- **What you are asked to do**
Please repeat, exactly and without pictures, the lines of the entries below that run from the one containing "Knopf Straßenbahn Österreich" through the one containing "Jeans Tall Slim".

START Records to use

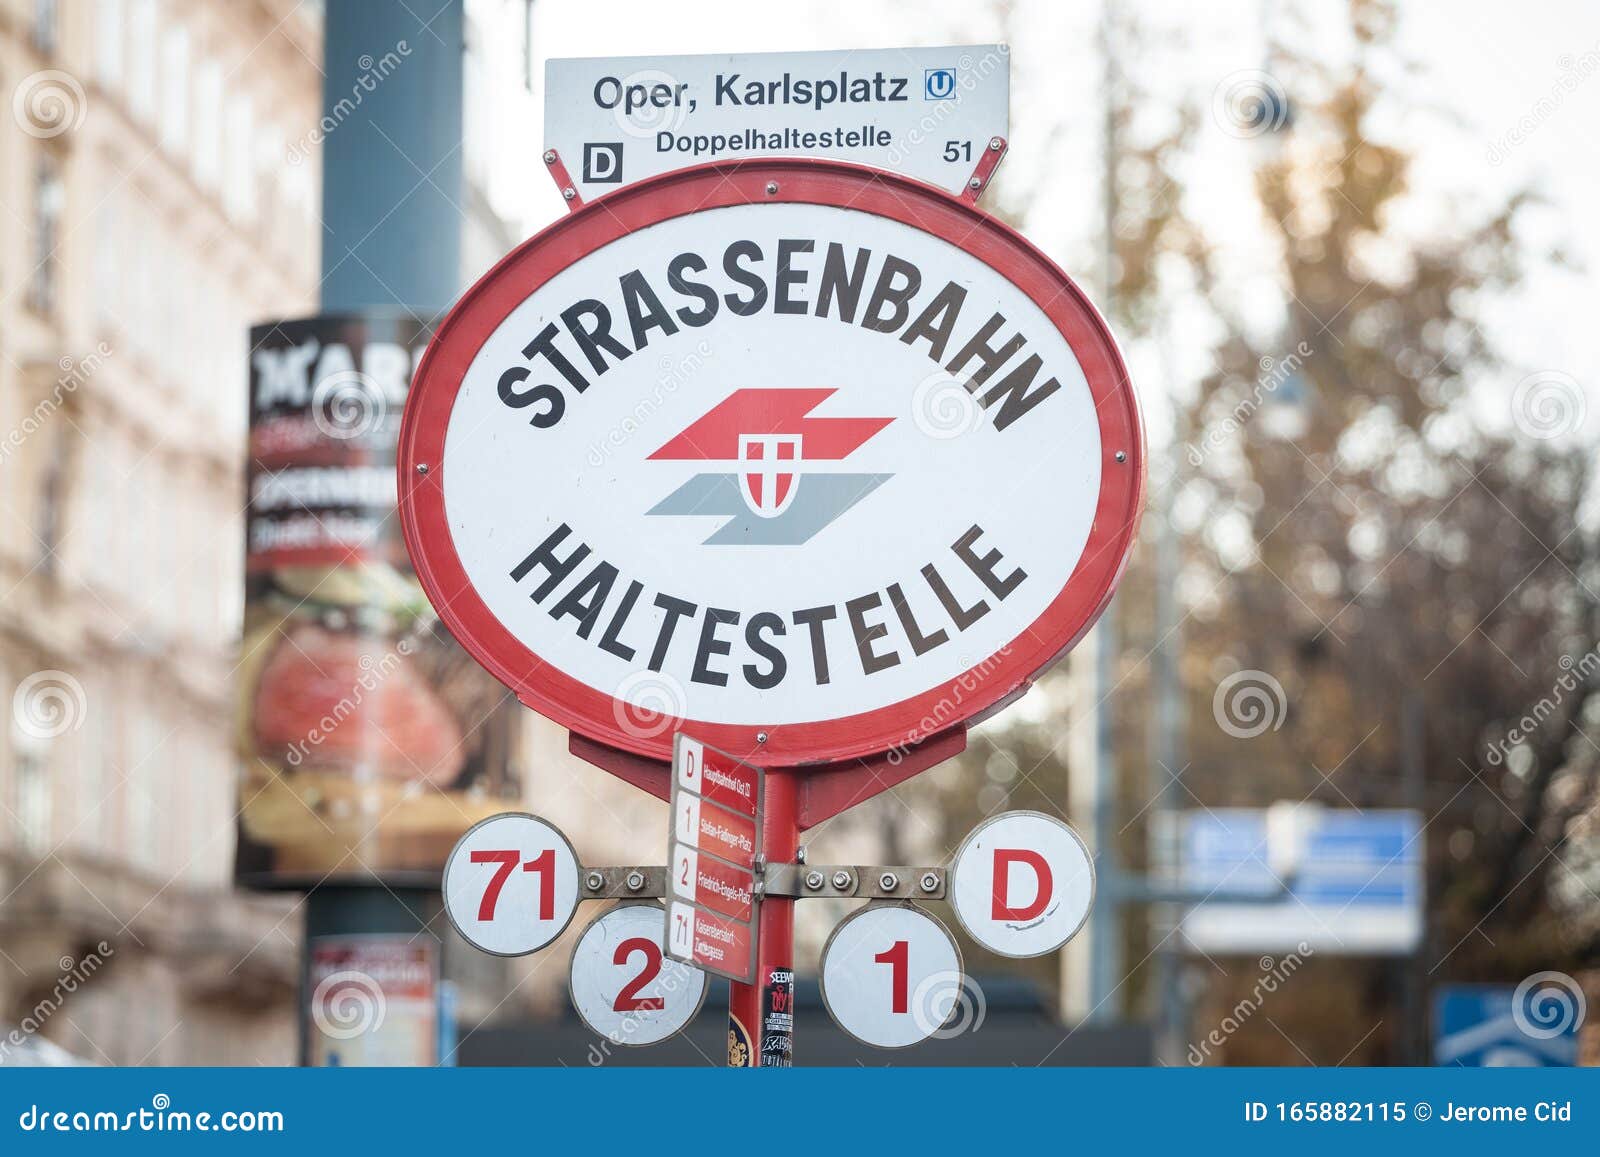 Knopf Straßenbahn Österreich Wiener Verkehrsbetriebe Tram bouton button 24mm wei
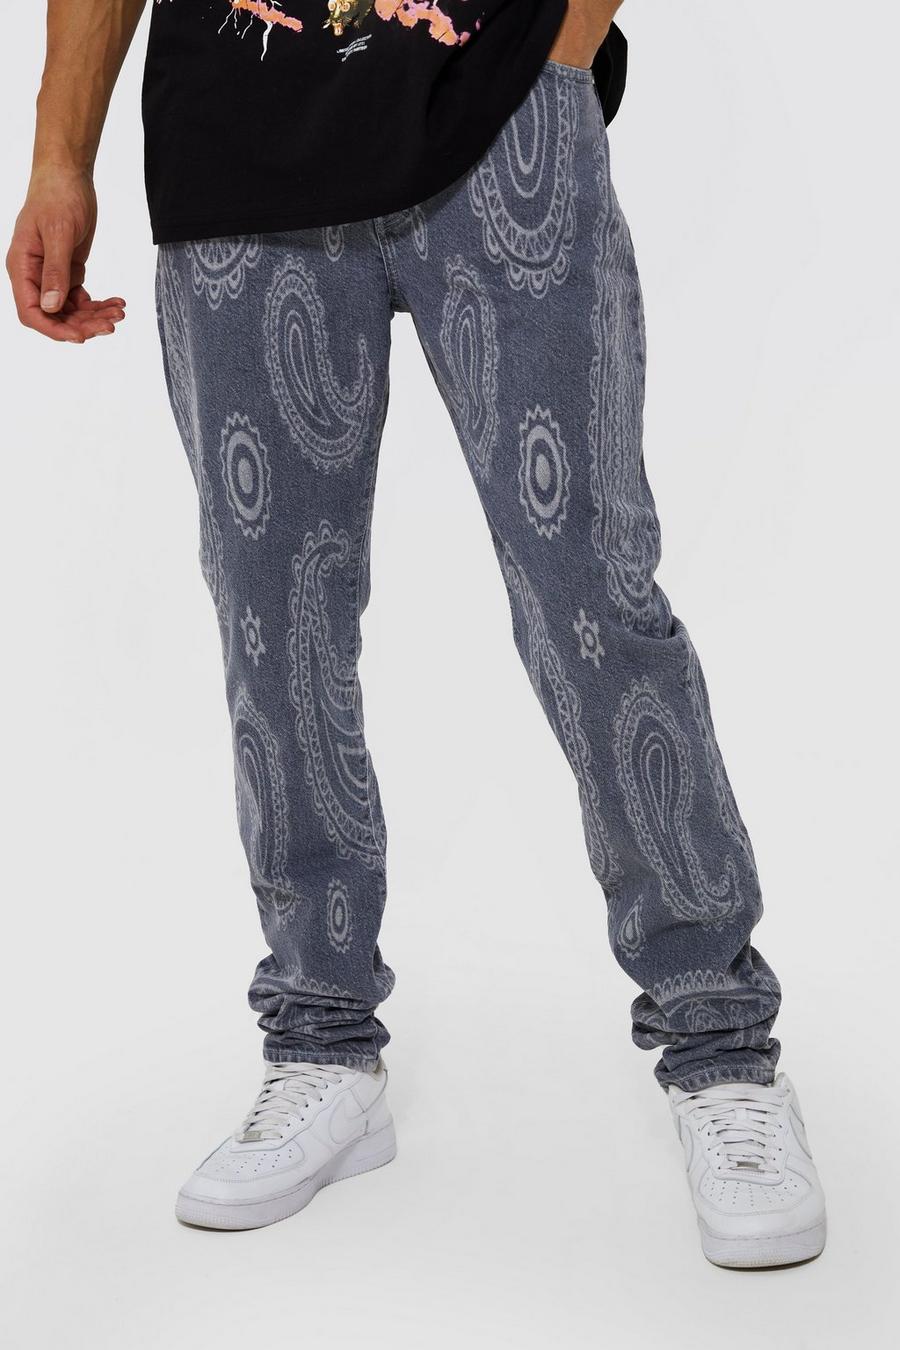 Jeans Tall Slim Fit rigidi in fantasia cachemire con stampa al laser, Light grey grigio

END Records to use
START Records to use

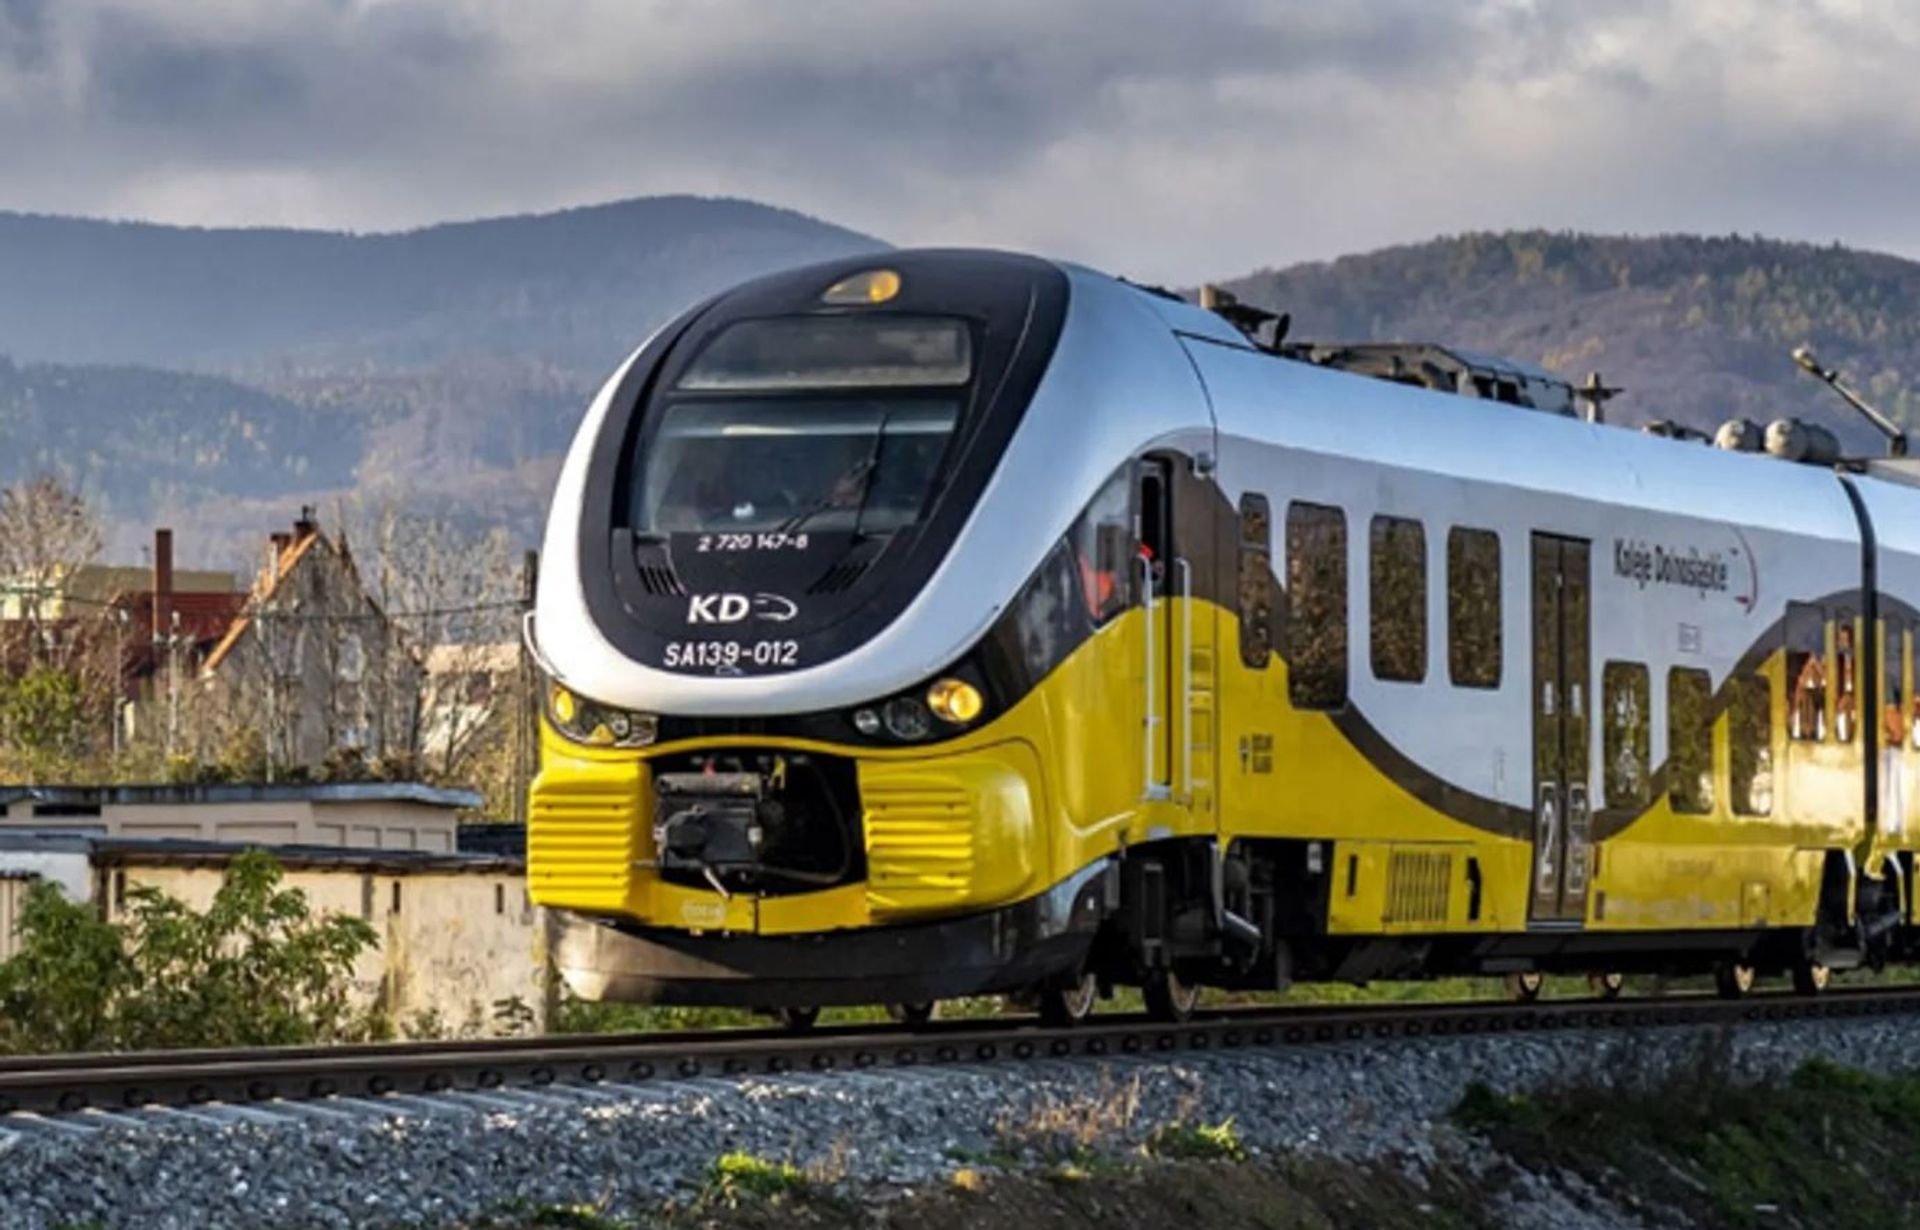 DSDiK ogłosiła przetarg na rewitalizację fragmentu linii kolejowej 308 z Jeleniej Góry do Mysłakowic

END Records to use
START Records to use

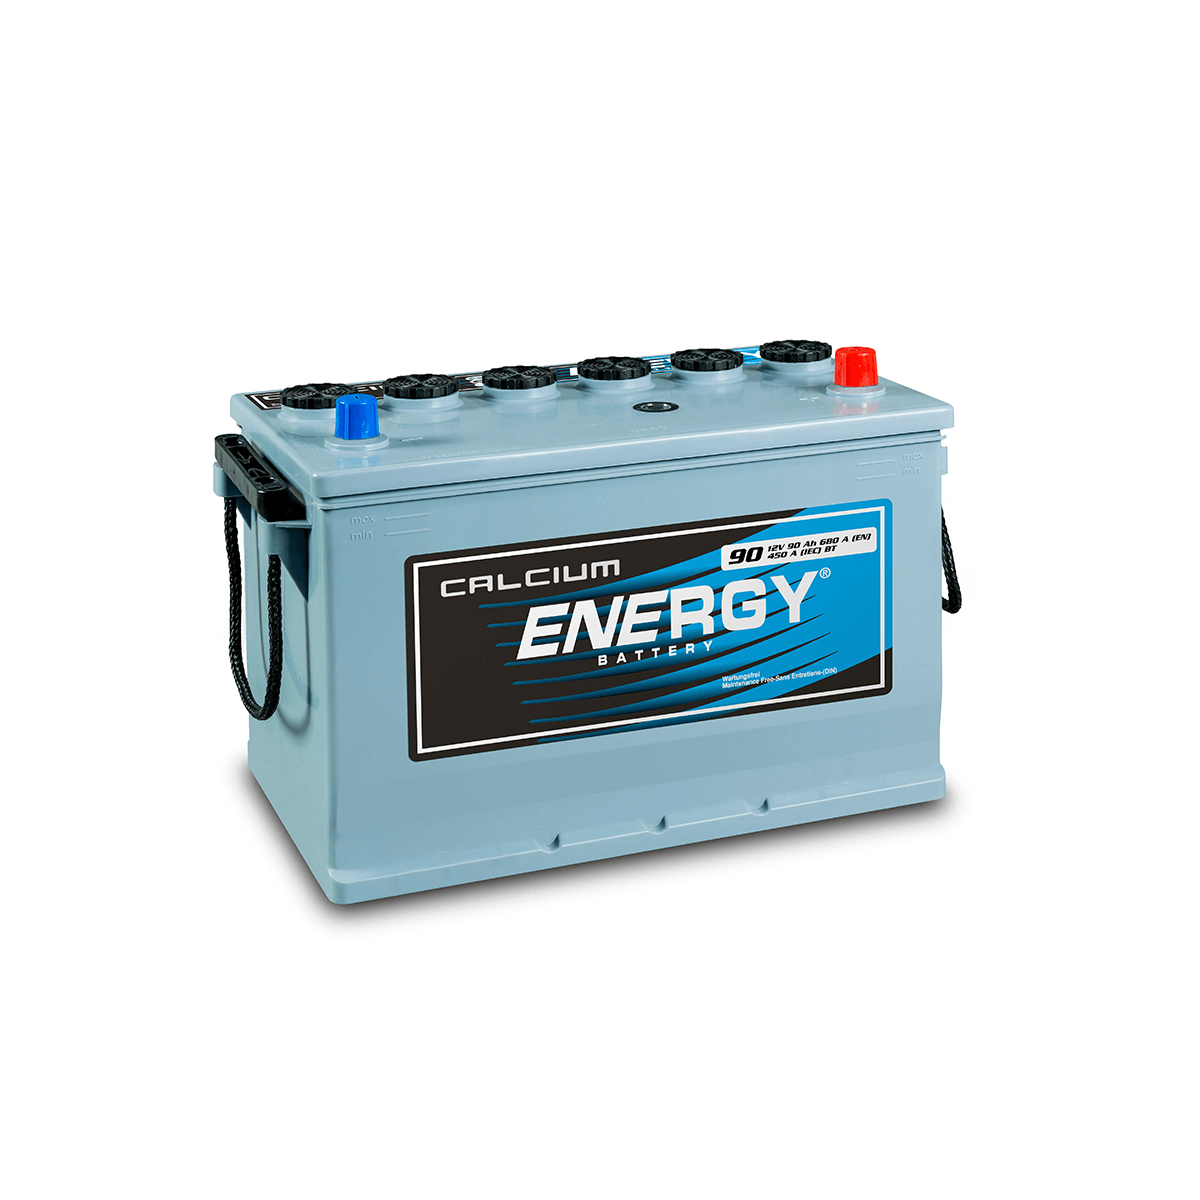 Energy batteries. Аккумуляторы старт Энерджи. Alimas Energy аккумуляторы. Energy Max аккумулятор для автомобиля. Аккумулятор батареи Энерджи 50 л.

END Records to use

- **Solution**
 Knopf Straßenbahn Österreich Wiener Verkehrsbetriebe Tram bouton button 24mm wei
 Jeans Tall Slim Fit rigidi in fantasia cachemire con stampa al laser, Light grey grigio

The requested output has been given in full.